TASK ITEM:
Go line by line through the entries below and count those containing the string "Stock"; give only the count.

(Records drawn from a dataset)
--

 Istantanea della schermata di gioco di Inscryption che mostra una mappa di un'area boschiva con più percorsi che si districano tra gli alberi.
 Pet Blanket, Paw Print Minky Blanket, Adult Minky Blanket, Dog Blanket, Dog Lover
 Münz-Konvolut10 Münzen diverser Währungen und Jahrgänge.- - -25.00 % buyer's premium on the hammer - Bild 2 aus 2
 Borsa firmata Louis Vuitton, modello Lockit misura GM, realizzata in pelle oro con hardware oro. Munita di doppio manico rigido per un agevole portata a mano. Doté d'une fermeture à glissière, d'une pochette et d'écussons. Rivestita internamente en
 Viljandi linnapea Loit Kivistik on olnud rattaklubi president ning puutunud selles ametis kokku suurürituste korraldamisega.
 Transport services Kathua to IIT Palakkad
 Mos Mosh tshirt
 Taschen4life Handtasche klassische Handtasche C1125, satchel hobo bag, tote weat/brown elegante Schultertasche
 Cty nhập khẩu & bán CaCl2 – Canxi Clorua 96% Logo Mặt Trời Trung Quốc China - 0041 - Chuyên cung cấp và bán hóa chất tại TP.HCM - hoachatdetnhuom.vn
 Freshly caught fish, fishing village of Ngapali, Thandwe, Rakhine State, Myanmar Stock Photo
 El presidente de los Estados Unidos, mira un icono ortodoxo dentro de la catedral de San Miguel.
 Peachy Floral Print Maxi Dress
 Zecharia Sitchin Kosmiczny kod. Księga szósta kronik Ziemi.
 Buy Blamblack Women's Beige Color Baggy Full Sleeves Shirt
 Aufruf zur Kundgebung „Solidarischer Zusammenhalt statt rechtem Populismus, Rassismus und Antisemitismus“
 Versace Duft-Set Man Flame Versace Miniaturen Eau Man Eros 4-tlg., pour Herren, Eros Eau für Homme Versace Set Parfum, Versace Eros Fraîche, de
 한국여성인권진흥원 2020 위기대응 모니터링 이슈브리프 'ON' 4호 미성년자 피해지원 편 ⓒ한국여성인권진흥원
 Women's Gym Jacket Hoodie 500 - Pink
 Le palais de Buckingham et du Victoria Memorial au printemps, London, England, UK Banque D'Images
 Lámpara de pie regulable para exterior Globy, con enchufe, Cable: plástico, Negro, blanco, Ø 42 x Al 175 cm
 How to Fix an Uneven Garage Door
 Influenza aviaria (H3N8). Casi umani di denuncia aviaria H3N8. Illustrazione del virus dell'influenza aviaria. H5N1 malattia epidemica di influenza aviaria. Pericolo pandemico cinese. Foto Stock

--

SOLUTION FOR THIS EXERCISE:
2